From conics you should be familar that a rotation of $\displaystyle \pi/4$ transforms,
$\displaystyle (x,y)\to (\cos \pi/4\cdot x-\sin \pi/4\cdot y,\sin \pi/4 \cdot x+\cos \pi/4 \cdot y)$
Equivalently,
$\displaystyle (x,y)\to \left( \frac{\sqrt{2}}{2} x-\frac{\sqrt{2}}{2} y, \frac{\sqrt{2}}{2} x+\frac{\sqrt{2}}{2}y\right)$
Thus,
$\displaystyle 2\left( \frac{\sqrt{2}}{2} x+\frac{\sqrt{2}}{2}y\right)=\left( \frac{\sqrt{2}}{2} x-\frac{\sqrt{2}}{2} y\right)^2$
Thus,
$\displaystyle \sqrt{2} x+\sqrt{2}y=\frac{1}{2}x^2-\frac{1}{2} xy+\frac{1}{2}y^2$
$\displaystyle 2\sqrt{2} x+2\sqrt{2} y=x^2-xy+y^2$
Now the problem is that this curve is not a function (if I only had a graph) and the shell formula needs to curve to be a function. So I am going to divide this curve into two curves that are functions and add their rotational volume about the y-axis. In order to do that I will first need to bring this to the form $\displaystyle y=f(x)$. To do that I need to solve for $\displaystyle y$.
First rewrite as,
$\displaystyle y^2-y(x+2\sqrt{2})+(x^2-2\sqrt{2} x)=0$
Thus,
$\displaystyle y=\frac{-x-2\sqrt{2}\pm \sqrt{x^2+4x\sqrt{2}+8-4x^2+8x\sqrt{2}}}{2}$
(TO BE CONTINUED)
Well, since you asked.
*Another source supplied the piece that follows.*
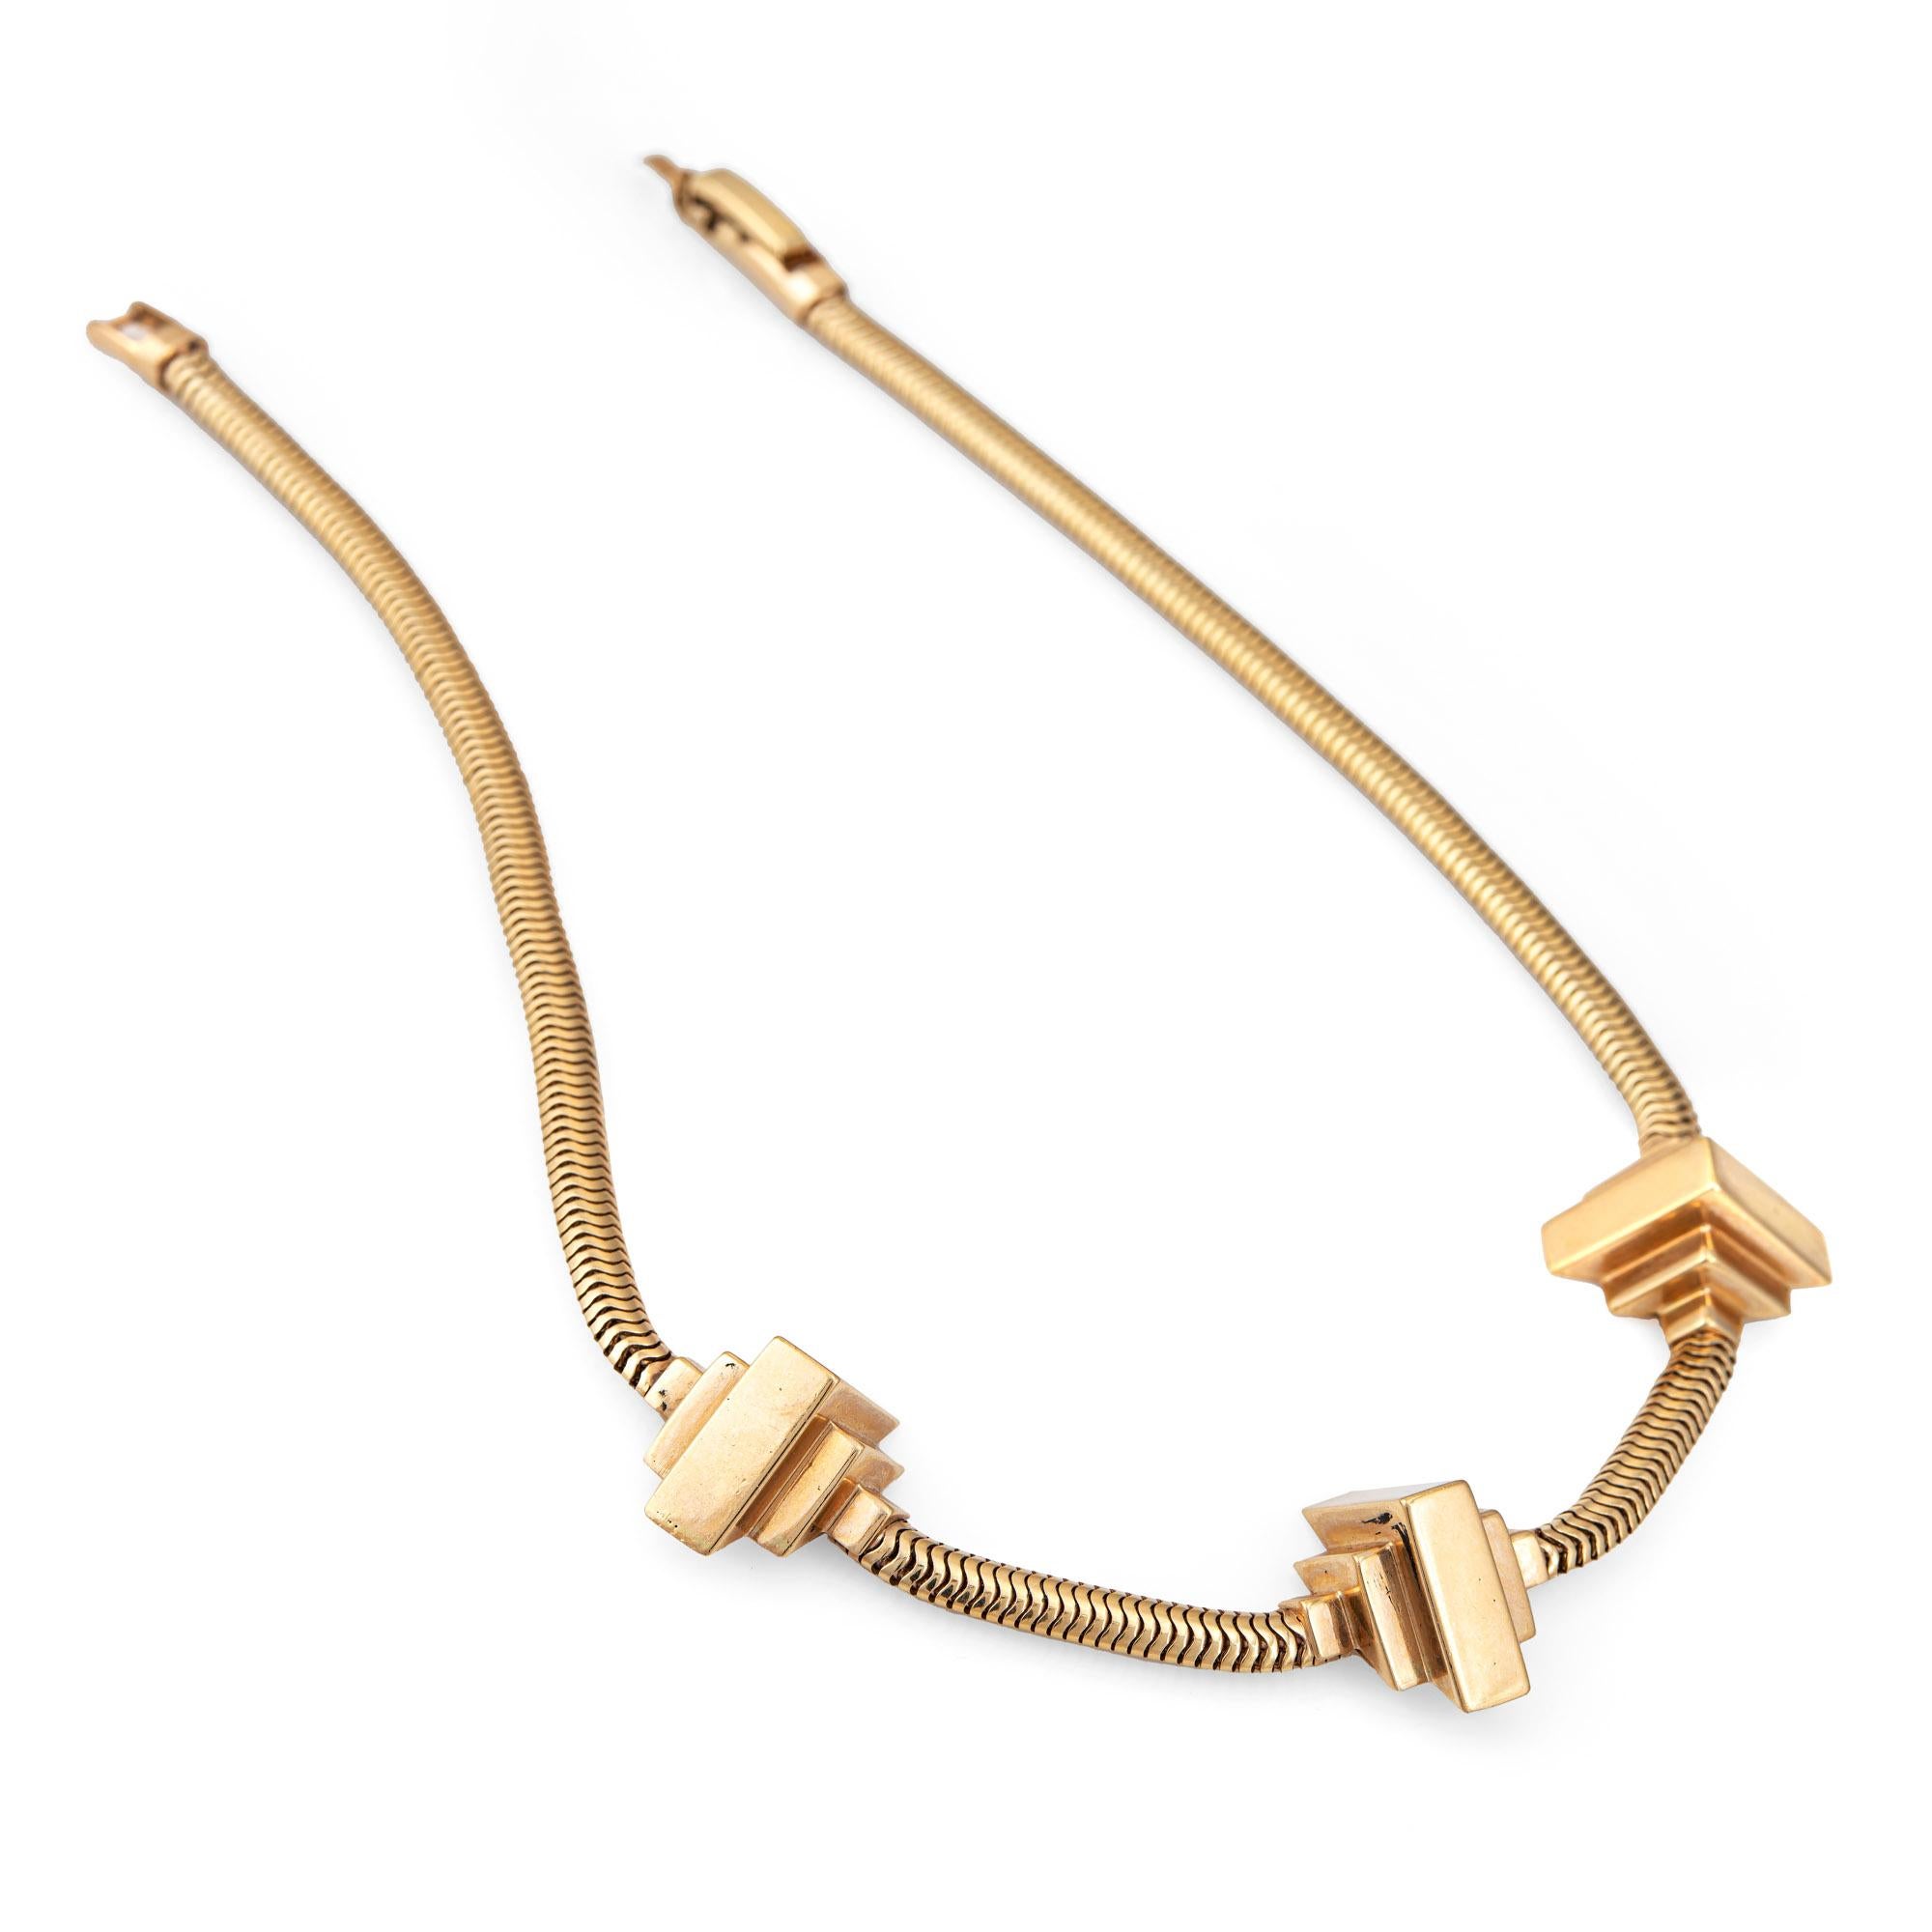 Stylish and finely detailed retro vintage snake chain necklace crafted in 14 karat yellow gold (circa 1940s).  

Three architectural style 'stations' offer a bold look to this stunning retro necklace. The snake chain is soft to the touch and moves

I am taking a cracker-jack on-line Calc I class. This is the last question on an open-book test. I have answered the others, some with the help of this forum. I am averaging a whopping 72% in the class, and passing is all I care about right now Anyway, I can't really afford to leave this one blank, the adjunct usually gives partial credit for at least getting part of it right!